Consultants hired by U.S. banks to ensure they meet enforcement orders must be thoroughly vetted to make sure they’re qualified to do the job, the Office of the Comptroller of the Currency said in guidance released today.
“The OCC expects a bank to conduct appropriate due diligence to ensure that an independent consultant performing a functional engagement has the necessary expertise,” the agency said. Using consultants “does not absolve bank management or a bank’s board of directors of their responsibility for ensuring that all needed corrective actions are identified and implemented,” according to the regulator of national banks.
The OCC and other regulators frequently order banks to hire outside firms to check their compliance with enforcement actions. The OCC and Federal Reserve were subjected to criticism from lawmakers when a 2011 plan to have consultants check botched mortgages cost mortgage servicers about $2 billion and failed to help borrowers.
The new guidance directs banks to check for conflicts of interest, identify consultant staff members that worked previously at the bank, list other expert firms considered for the work, describe the financial relationship between bank and consultant and tally the number of contracts the consultant has had with the bank in the last few years. That last point will allow the OCC to weigh “whether the number of contracts of services the consultant has had or has with the bank may pose an inherent conflict of interest,” it said.

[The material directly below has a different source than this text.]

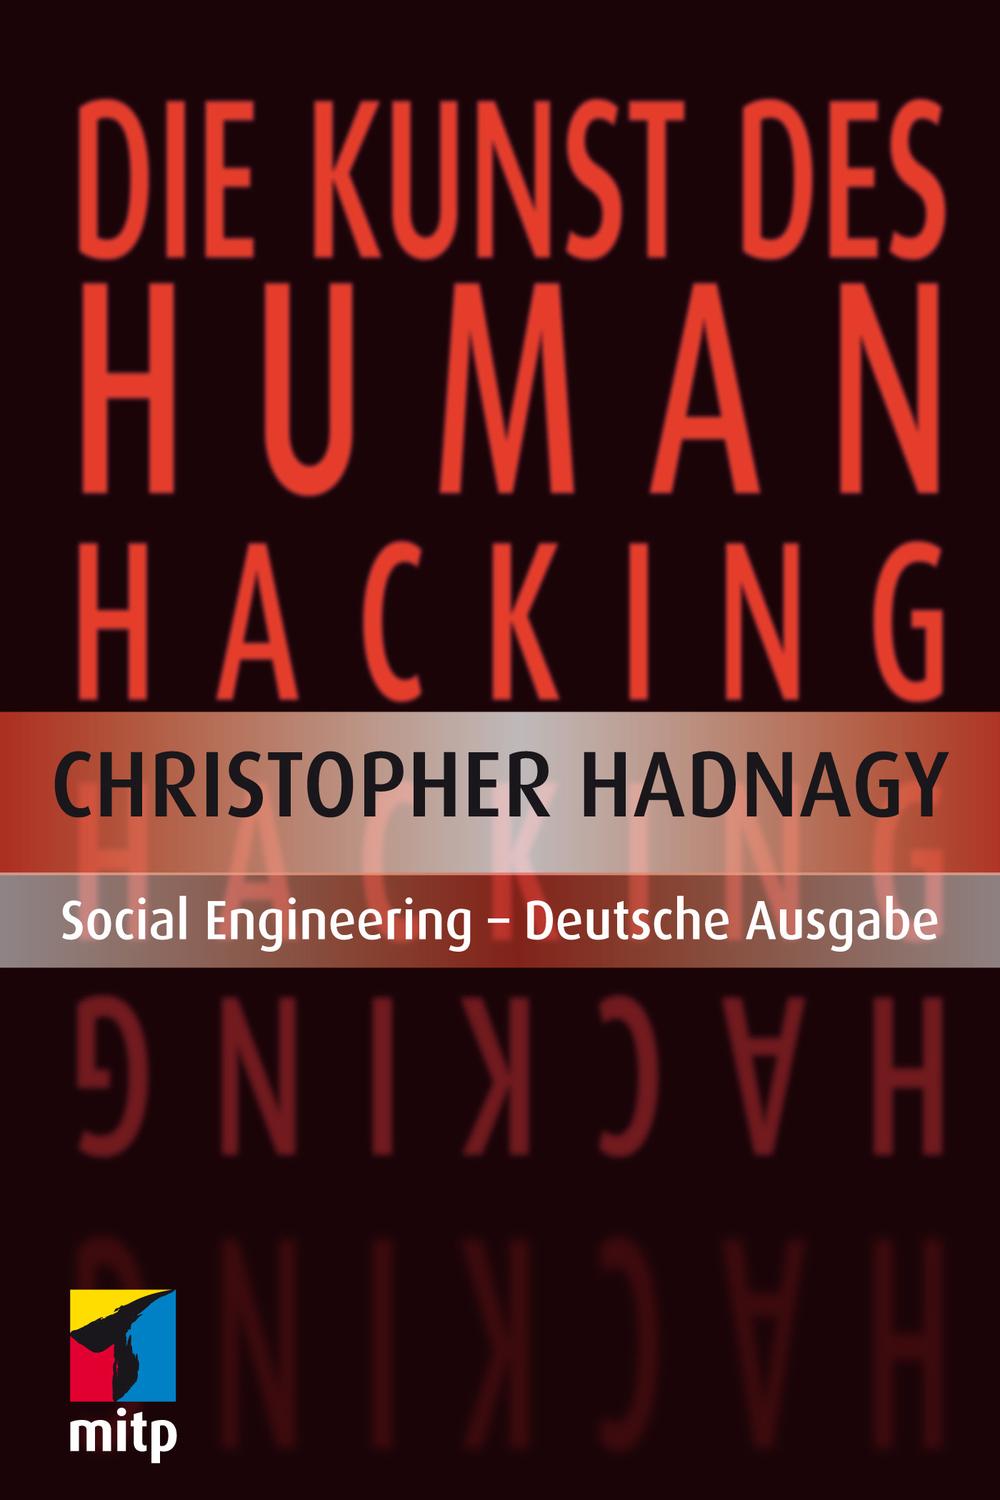 Die Kunst des Human Hacking - Christopher Hadnagy

In April, Daniel P. Stipano, the OCC’s enforcement chief, told lawmakers that his agency would welcome legislative changes to allow it to more easily take enforcement actions directly against contractors.
In several recent cases in which banks such as JPMorgan Chase & Co. (JPM:US) and HSBC Holdings Plc (HSBA) violated Bank Secrecy Act rules to guard against money laundering, regulators required them to seek outside firms to help fix their compliance programs.